We're talking about two different things here. You want to distribute
your PDB reader with IMP. I don't want to include the code in IMP SVN.
The two issues are orthogonal;
They eventually yes. At the moment they are not as people just get IMP from svn and build in SVN. If we can put a link in SVN to another repository, that would be very cool (and I wouldn't put it beyond SVN) or I guess scons could just fetch files from another repository at build time. Again, I don't see that which way it is done is very important as long as it does not require people to take extra steps (over svn update and scons in the IMP or new_imp tree) to keep it up to date.


How are you "getting bonds" out of a PDB file? PDB files don't provide
that information.
It doesn't make sense to talk about a molecule without it bonds, so a molecule loader better handle it on one level or another. BALL handles standard bonds as a cleanup pass after reading which is a good solution too, but makes it a bit funny for connect records as these bonds are created on reading while other, more standard bonds need to wait for the cleanup.

If someone wants to put tables into IMP that build the bonds from atom names, that would be better than in the reader. Just requires more work right now. .

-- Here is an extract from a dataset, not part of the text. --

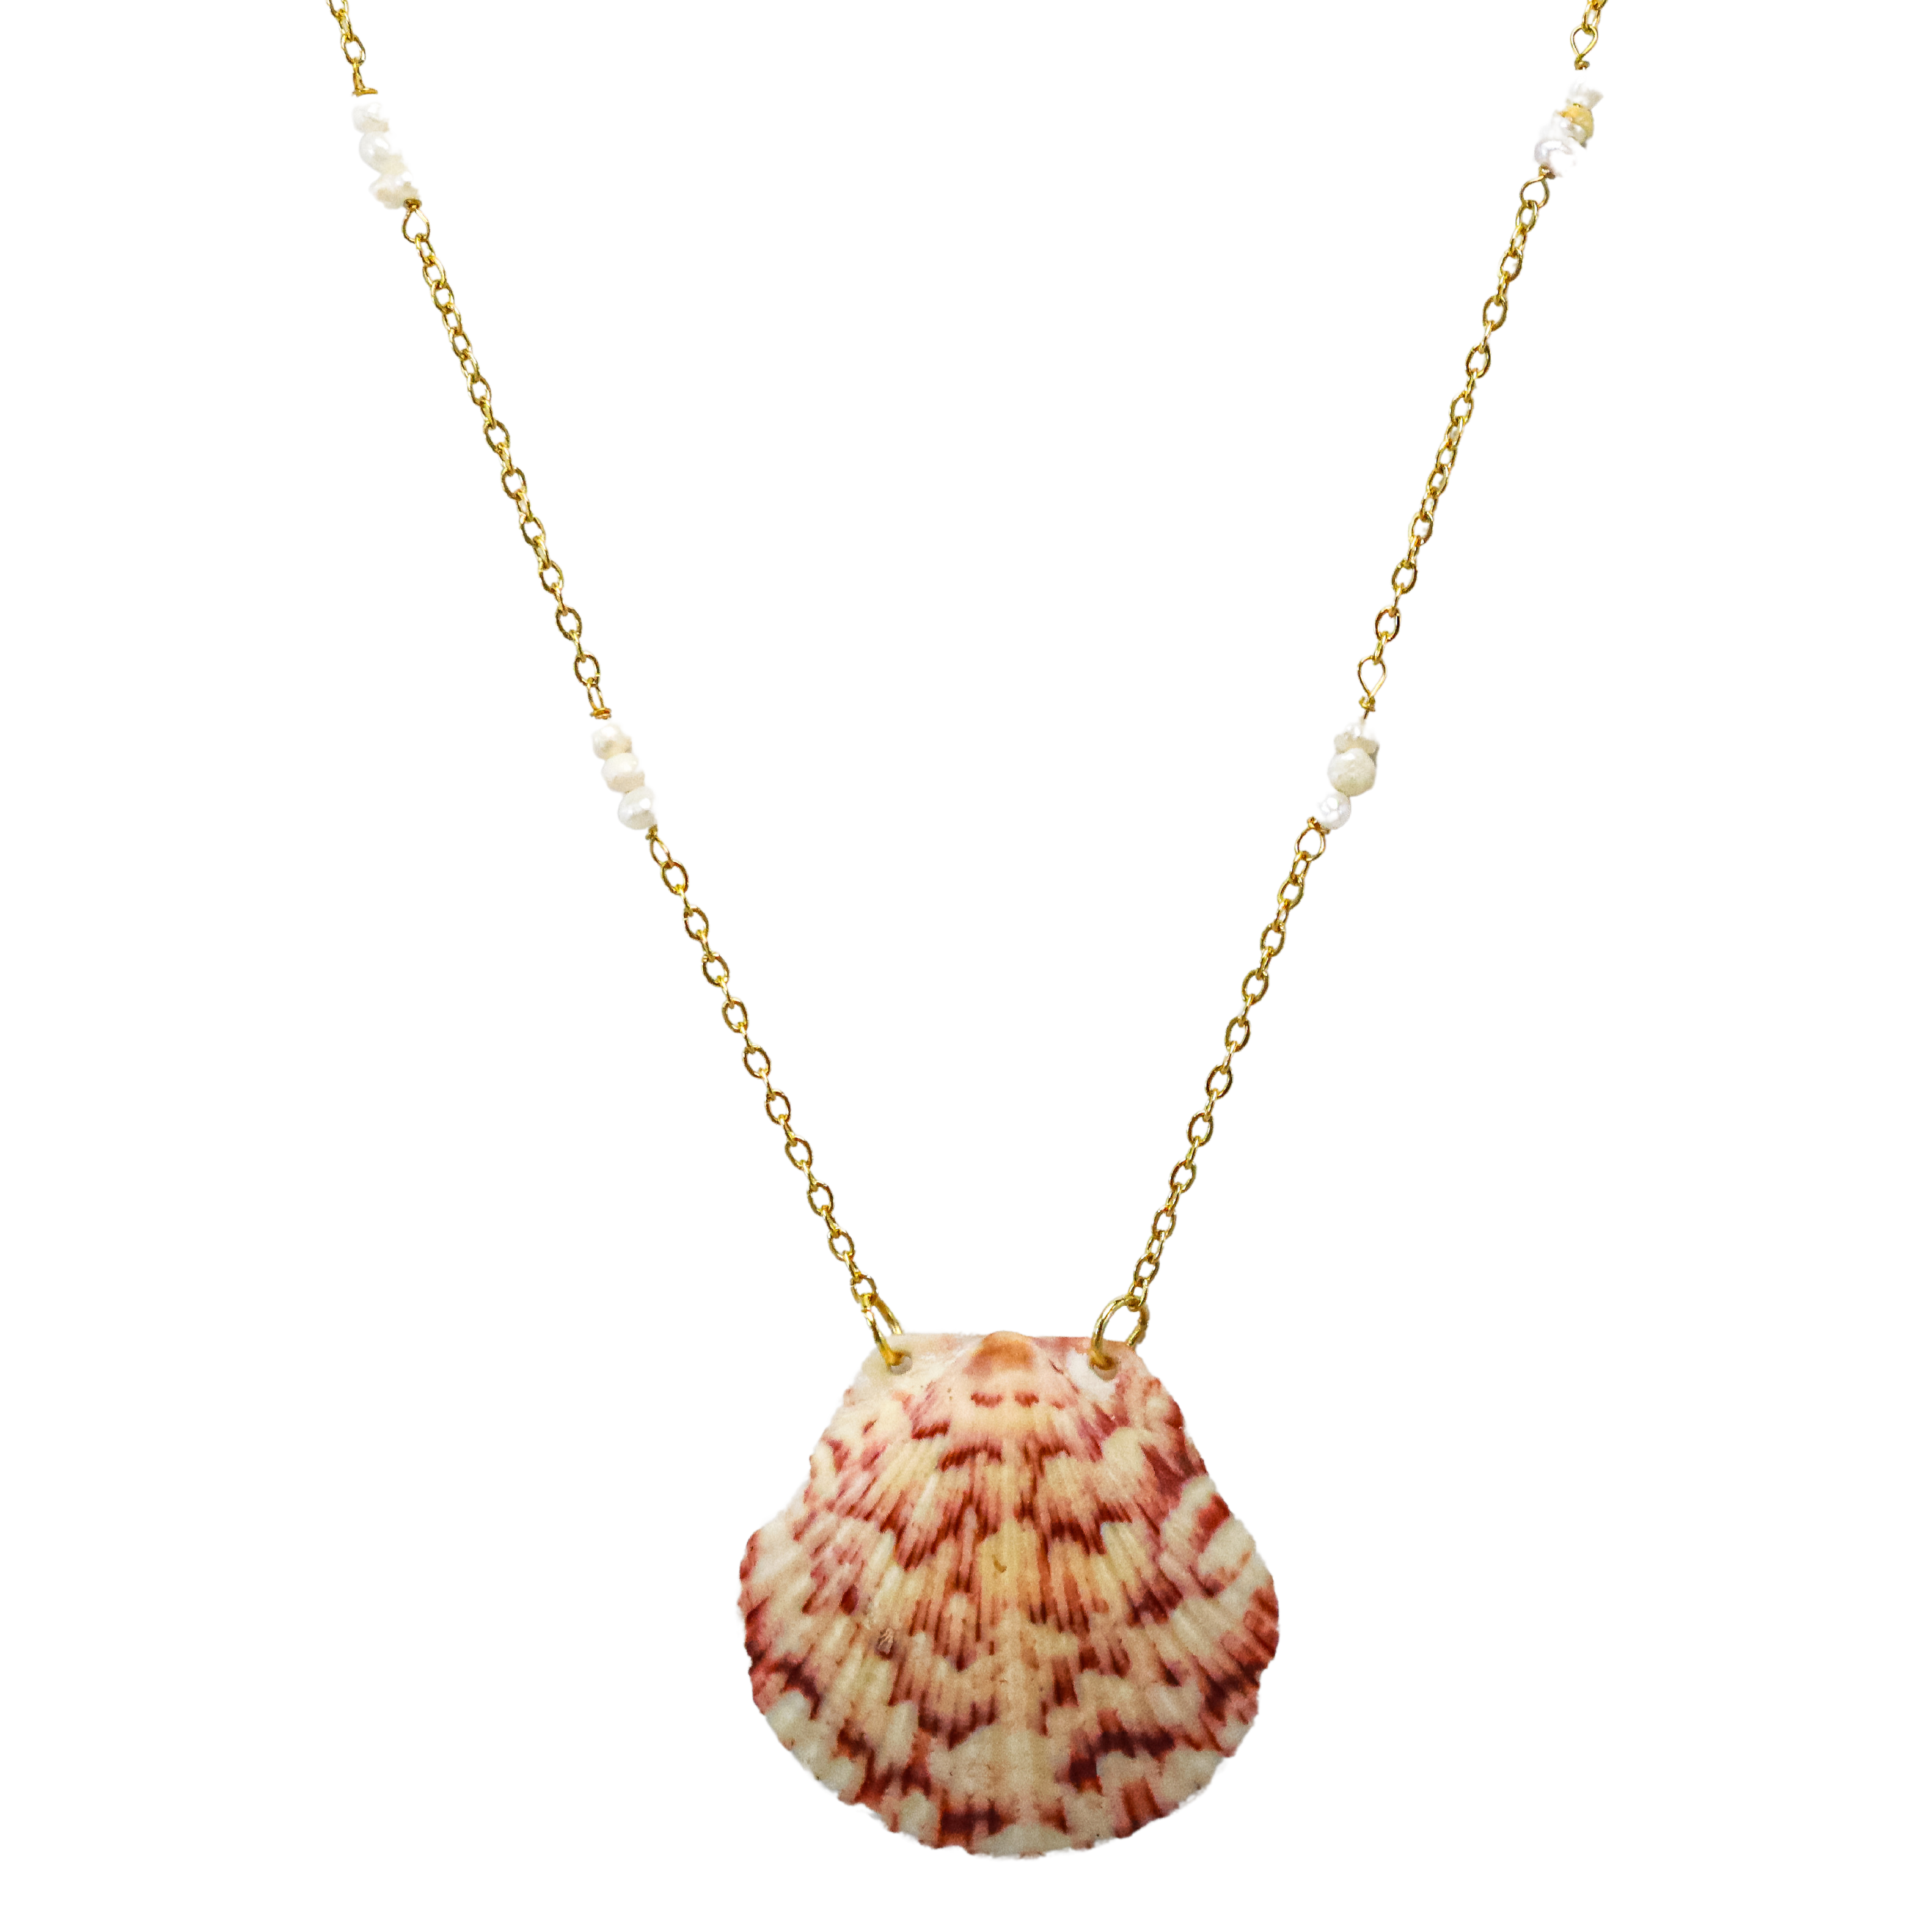 Kahlani’s Shell Necklace

 For example, Modeller reads a set of residue
types from its parameter files at runtime, and after that maps every
residue type in the PDB file from the string to an integer residue type.
Unknown residue types result in a warning, and the generation of a new
integer residue type at runtime. You could of course use Residue objects
rather than integer types.
Sure. New types are pretty trivial to add on top of any system of predefining the common atom types (just have a function which takes a string and associates it to the next free int in the internal maps). But we might as well give the standard ones standard integer codes and nice C++ names (the enum) which reduces the chance of typos. Where this data happens to reside isn't all that important at the moment.